Our results using the Altera Stratix V 5SGXA7 FPGA indicate that, with FPGA-specific optimizations, it is possible to achieve up to 3.9x better power efficiency in comparison to an Nvidia K20C GPU. However, by exploiting the FPGA-specific optimizations, FPGA with OpenCL shows promising performance. Specifically, we find that multithreaded kernels typically used for GPUs do not perform as efficiently as those optimized with FPGA-specific optimizations such as sliding windows. Our results show that, while it is possible to use a common programming language available for other more-widely used accelerators in HPC, the implementation method optimal for FPGAs is significantly different from those for other accelerators such as GPUs. The results are presented for multiple versions of each benchmark, each with a varying degree of optimization for FPGAs, ranging from direct ports from the initial OpenCL implementation to loop-pipelined kernels specifically optimized for FPGAs.

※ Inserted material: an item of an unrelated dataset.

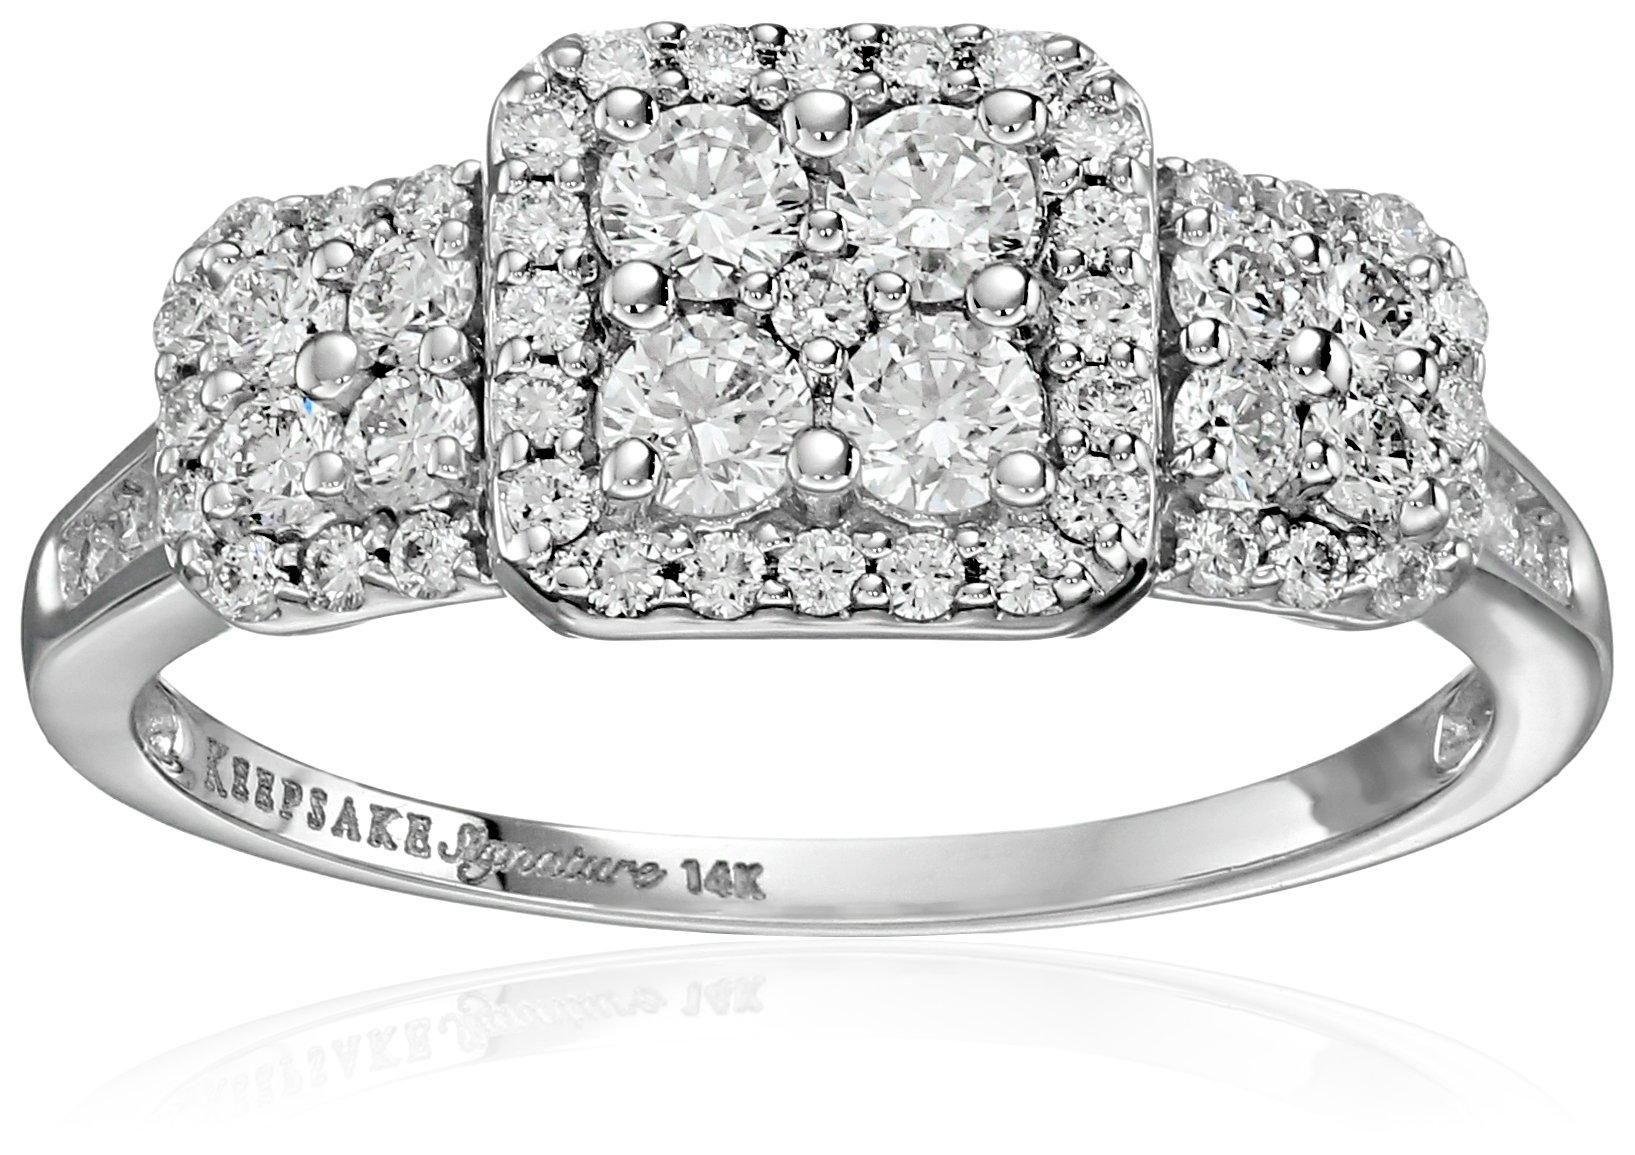 Keepsake Signature 14k White Gold Diamond Three-Stone Engagement Ring (1cttw, H-I Color, I1 Clarity), Size 7 by Amazon Collection (Image #1)

Apple and Intel) and lots of ways to parallel program without OpenCL (to compare to).We evaluate the performance of a subset of the benchmarks available in the Rodinia Suite, using Altera’s OpenCL SDK and the Terasic DE5-Net FPGA board, equipped with an Altera Stratix V GXA7 FPGA, and present timing and power estimation results and comparison with a modern CPU and GPU. This field is much wider, as you have different OSes, even different OpenCL SDKs for the same processors (e.g. I intentionally didn't write anything about the other use cases of OpenCL, e.g. So they definitely play in the same league, and even if one is 5% faster than the other for some specific problem at the moment, I thing it would not make a difference in a general view.
OPENCL BENCHMARK CODE
are you able to make use of all the compute unitsįrom my tests, the answer to these questions - will my code use the hardware optimally - is yes for both frameworks.will the compiler create efficient code.will optimal code use all available memory bandwidth.What remains to be tested are things like: Thread scheduling is done in hardware, so they have the same performance there. Maybe you should approach this problem from another angle: what can you do with one of the frameworks that you can't do with the other? They both use the same drivers, so both will support fancy technologies that come out with new hardware. I dont think that that would be time well spent, though. You could choose a few and compare your results. There are the NVIDIA Code Examples, done in both CUDA and OpenCL.
OPENCL BENCHMARK PLUS
This is what you ask for, but I don't know anything like that in existence - people will choose either technology for their bigger projects and won't write everything twice. A Geekbench OpenCL benchmark score for Intels Iris Plus Graphics has been unearthed, and it seems the Ice Lake variant of the iGPU has performed very. Results will differ, so you would have to have a big test suite. But you won't be able to deduce from that experiment that you'll get similar results on another program, or with different hardware. The problem with benchmarks is obviously that you only can objectively evaluate very specific things - say, the same program done in CUDA and OpenCL, on the same hardware (as you named a source). Fair warning though, I might get some stuff wrong. Not being a performance/benchmarking expert I can only try to give you a few general thoughts on OpenCL vs. Just to stop speculating about this or that, I'd like to check everything by myself, but I need you to help me! Is there an OpenCL benchmark set, universally accepted, I can use to compare with native code? Is there an analogous of CUDA SDK written in OpenCL code?
OPENCL BENCHMARK WINDOWS
In the case of Pthread or Windows threads, I really have no idea, but I think that "generality" and multi-architecture approach will always have something to "pay". That is good, ok, but is there a loss of performance by migrating from a native programming library to OpenCL? In the case of nVidia GeForces, I've already found an article were two realizations of the same program - CUDA vs OpenCL code - were compared and the first one seemed to be more performant. OpenCL should be the first parallel architecture programming standard, and it'll be eventually adopted by the most part of programmers. I can read around a lot about OpenCL, and it seems to be the most promising (the only one?) multi-architecture library.